Opinion - St Maarten NewsBy Hilbert Haar

Motions are the political banana peel of the political arena. In St. Maarten they seldom result in the desired action expressed in a motion and only in extreme cases (like with a motion of no confidence) do they result in the fall of a government.

A motion is not more than a request to government to do something – or not to do something, but the government is under no obligation to execute it. In that sense, most motions are quite useless – a waste of time and energy. Motions only get real teeth if a parliament insists that they are executed and if a minister or a government refuses to do so the parliament could decide to send them home.

This is obviously not the case with the motion Heyliger-Marten that got the support from twelve out of fifteen parliamentarians in the wee hours of Wednesday morning after a rather tedious meeting about the conditions State Secretary Knops has attached to the provision of liquidity support.

Heyliger-Marten’s motion actually encourages the government to accept these conditions: “The parliament is desirous of fully supporting the Council of Minister of St. Maarten in its quest to secure financial and other assistance….” This, after Prime Minister Silveria Jacobs had already emphatically stated that she is “willing to accept the conditions under duress.”

Yeah, what else is there to do? Saying no to Knops’ conditions means no liquidity support and no liquidity support means that government activities will sooner or later come to a grinding halt, leaving almost 2,000 civil servants without an income and 40,000 citizens without government services; an unthinkable scenario.

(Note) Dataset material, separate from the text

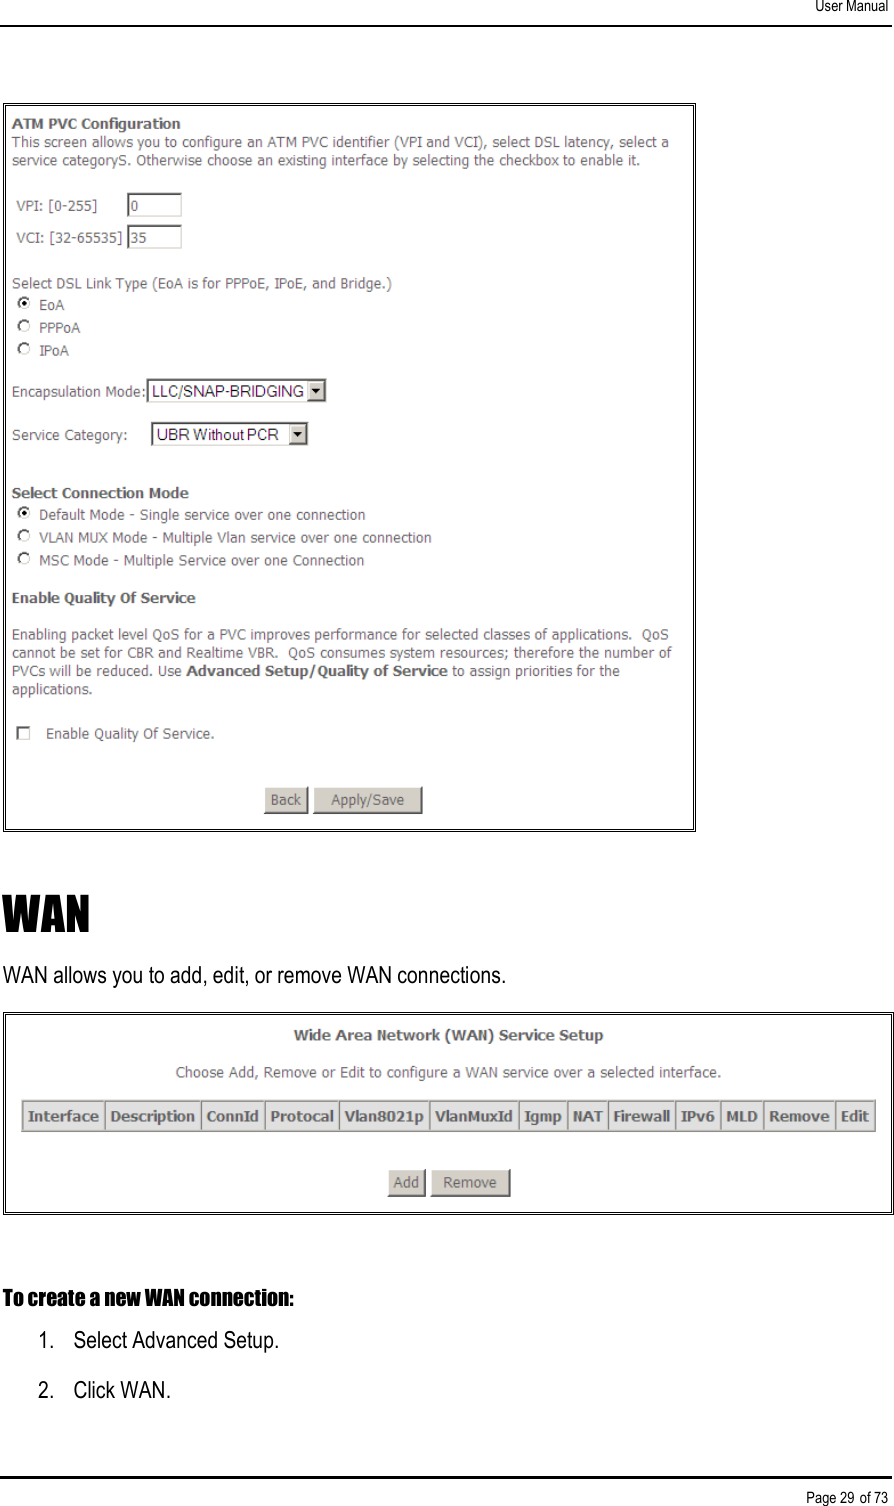 User Manual Page 29 of 73  WAN WAN allows you to add, edit, or remove WAN connections.  To create a new WAN connection: 1.  Select Advanced Setup. 2.  Click WAN. 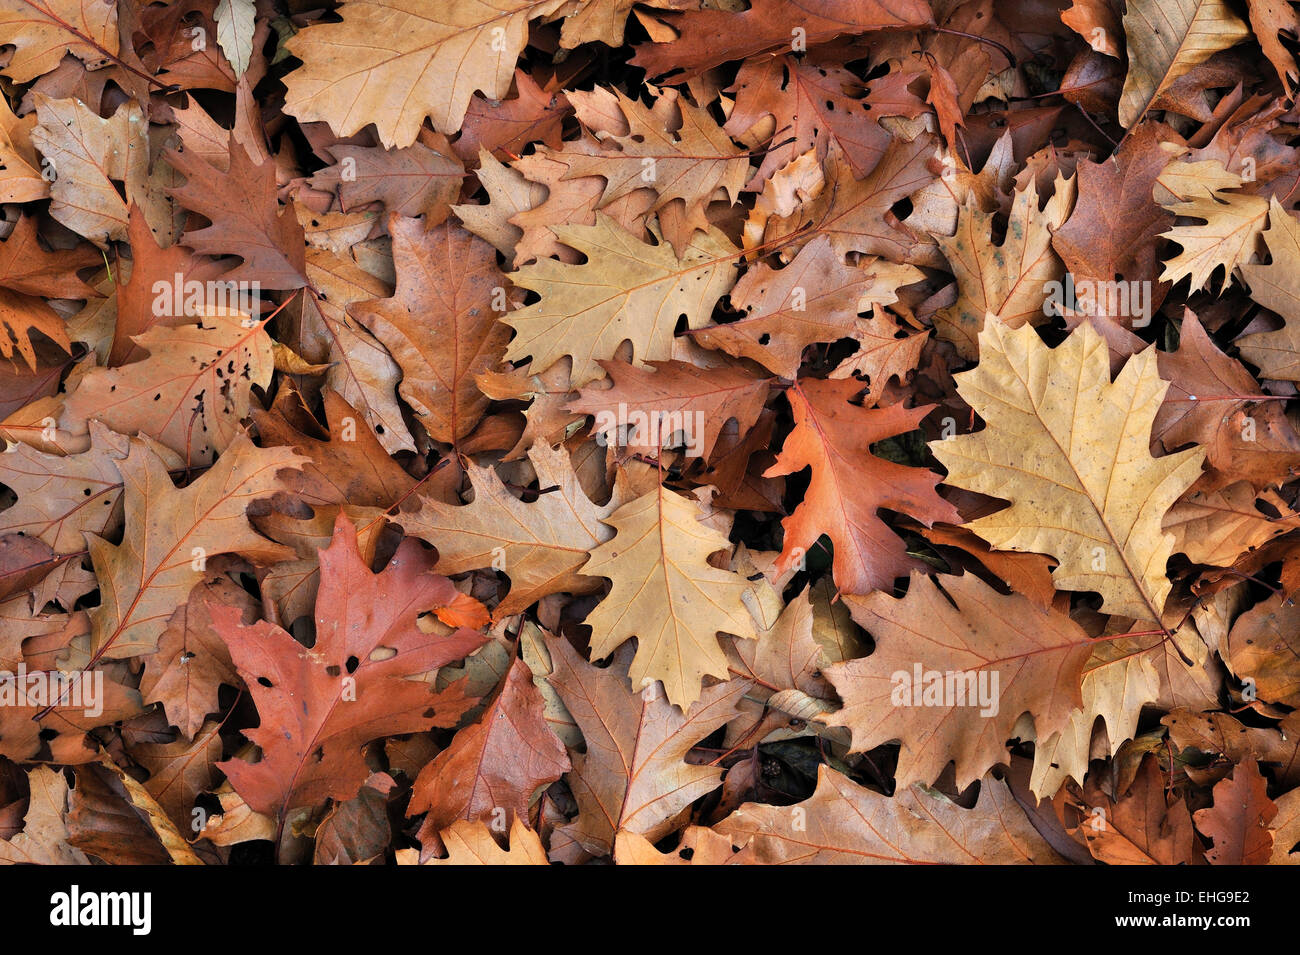 Northern red oak / champion oak (Quercus rubra / Quercus borealis) fallen leaves on the forest floor in autumn Stock Photo

There is however something in the motion that makes me wonder: “ ….that most if not all of the content of the proposal was already in the planning to be addressed by the government.”

I honestly wonder whether this is a true statement, given the fact that the kingdom required a 25 percent cut in the salaries of all politicians and a 12.5 percent cut in the labor conditions of civil servants and employees of government-owned companies. Plus: a cap of 130 percent of the lowered salary of the prime minister for top income in the semi-public sector. And then there is, of course, the demand for pension reform.

Here we get to the term in the planning. In St. Maarten that does not mean much. Legislation to increase the retirement and AOV-age from 62 to 65 has been at Parliament since 2018. Nobody knows when this reform will actually become law.

That the government was also planning to tackle extreme salaries in the (semi) public sector is new to me. We have known for years that the director of BTP, Anthony Carty, gets a much higher salary than the Prime Minister and nobody had ever even addressed this situation in public.

The motion furthermore suggests a conditional acceptance of the terms sets by State Secretary Knops. The conditions should not be at odds with the law, with charters, conventions or protocols, and unions should be consulted.

Dream on: the time for further consultations with anybody or for counter proposals simply is not there. At the moment there are only two choices – take it or leave it.

Everybody knows this and the prime minister has already bent to the kingdom’s wishes – be it with a meek connotation: under duress.

The question is now what is going to happen. St. Maarten accepts the conditions and gets liquidity support. Then it has to make good on its promises by cutting salaries across the board. The unions have been consulted but they oppose the measure; what civil servants are going to do once they see their next payslip is anybody’s guess.

Some parliamentarians wished the government a lot of strength. Prime Minister Silveria Jacobs and her team will need it.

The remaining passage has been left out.